Notice: The reproducibility variables underlying each score are classified using an automated LLM-based pipeline, validated against a manually labeled dataset. LLM-based classification introduces uncertainty and potential bias; scores should be interpreted as estimates. Full accuracy metrics and methodology are described in [1].

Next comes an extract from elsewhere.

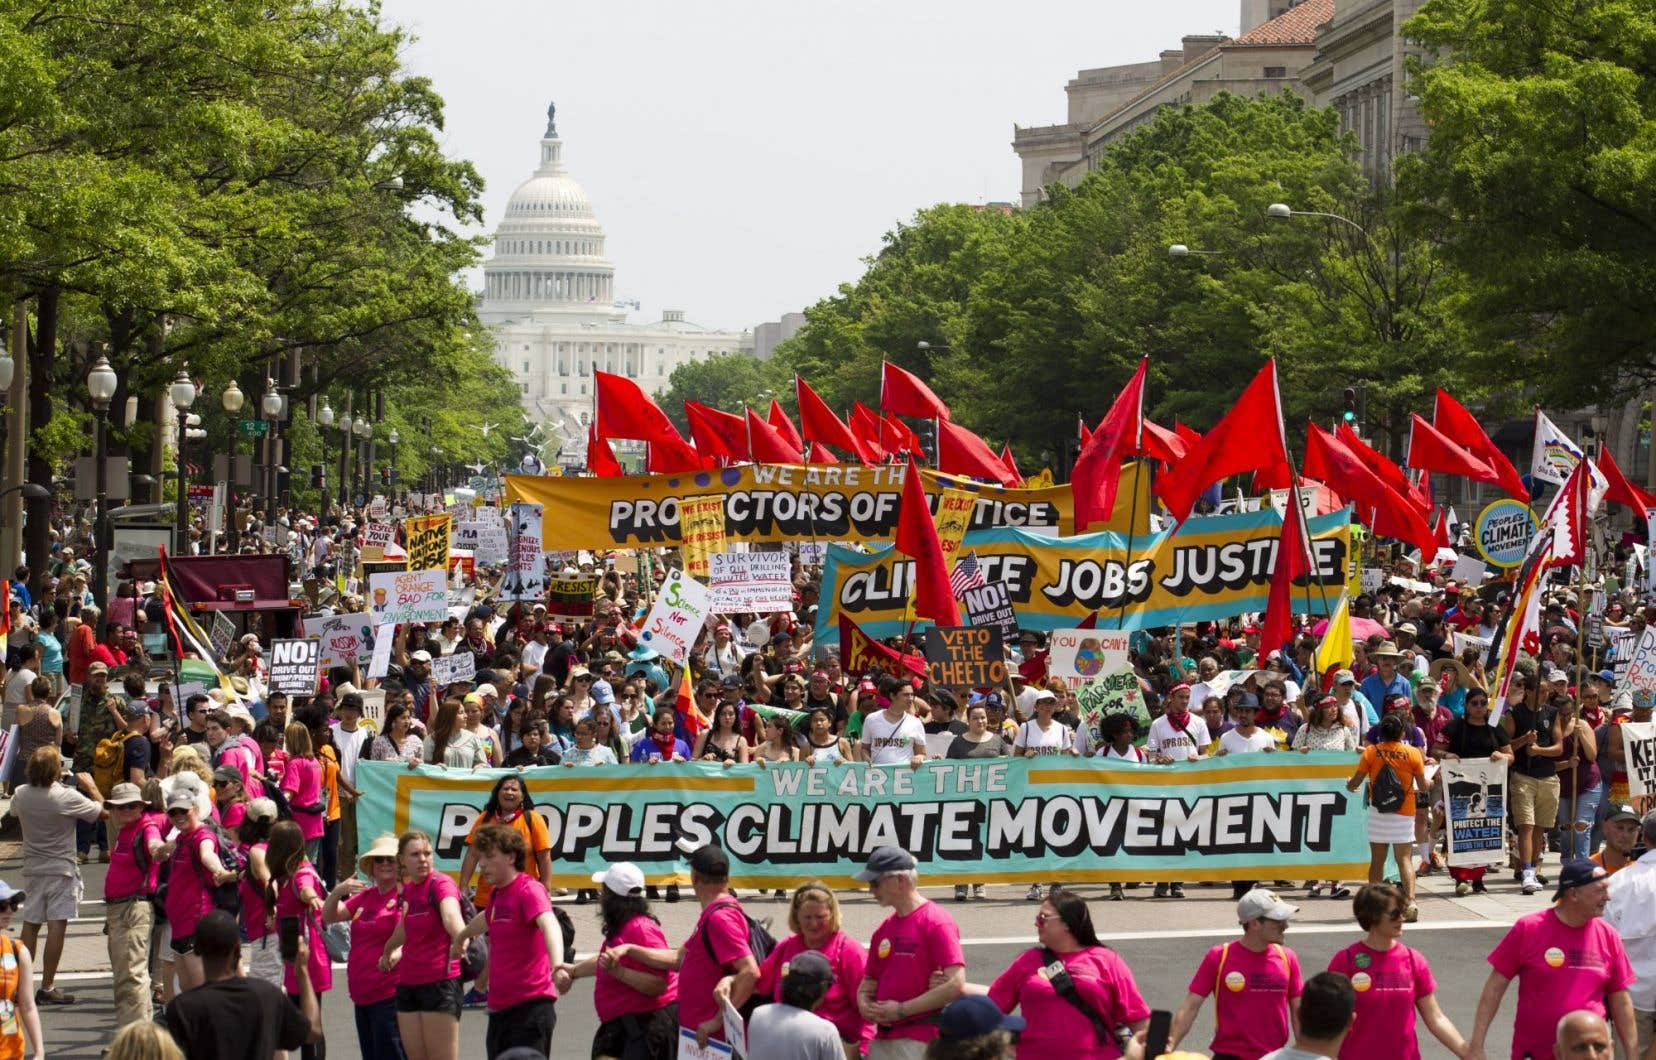 Les manifestants ont défilé sur l'avenue Pennsylvanie pendant la « Marche pour le climat », à Washington DC.

Towards Trustworthy Knowledge Graph Reasoning: An Uncertainty Aware Perspective

Authors: Bo Ni, Yu Wang, Lu Cheng, Erik Blasch, Tyler Derr

AAAI 2025 | Venue PDF | LLM Run Details

Reproducibility Variable Result LLM Response
Research Type Experimental Extensive experiments show that UAG can achieve any pre-defined coverage rate while reducing the prediction set/interval size by 40% on average over the baselines. In this section, we conduct extensive experiments on two widely used multi-hop KGQA datasets (Luo et al. 2024; Sun et al. 2023; Lan et al. 2022). Our experiments are designed to rigorously evaluate the uncertainty quantification performance of UAG, employing standard UQ metrics to assess its effectiveness against state-of-the-art baselines.
Researcher Affiliation Academia Bo Ni1, Yu Wang2, Lu Cheng3, Erik Blasch4, Tyler Derr1 1Vanderbilt University 2University of Oregon 3University of Illinois Chicao 4Air Force Research Lab
Pseudocode No The paper describes the UAG framework and its components using descriptive text and mathematical equations (e.g., Eq. 4, 5, 6) but does not present any structured pseudocode or algorithm blocks.
Open Source Code Yes Other implementation details are further documented in the appendix and our code is publicly available2. 2https://github.com/Arstanley/UAG
Open Datasets Yes We evaluate UAG with two widely used benchmark dataset for KGQA: Web Question SP (Web QSP) (Yih et al. 2016) and Complex Web Questions (CWQ) (Talmor and Berant 2018). ... Additionally, Freebase (Bollacker et al. 2008) is used as the underlying knowledge graph for both datasets.
Dataset Splits Yes The dataset statistics are presented in Table 1. Note that for calibration, we use the training partition. Table 1: Statistics of KGQA datasets. #Train #Test Web QSP 2,826 1,628 CWQ 27,639 3,531
Hardware Specification No The paper mentions using 'Llama38b as our backbone large language model' and a 'Sentence Transformer model' but does not specify any hardware details (e.g., GPU/CPU models, memory) used for training or inference.
Software Dependencies No The paper mentions using 'Llama38b as our backbone large language model' and a 'Sentence Transformer model' but does not provide specific version numbers for any software libraries, frameworks, or programming languages used in the implementation.
Experiment Setup Yes For the implementation, we set δ to be 0.05, and use Llama38b as our backbone large language model. For the encoder g, we use the Sentence Transformer model and pre-train it on our training data. We select α = 0.2 for the purpose of testing.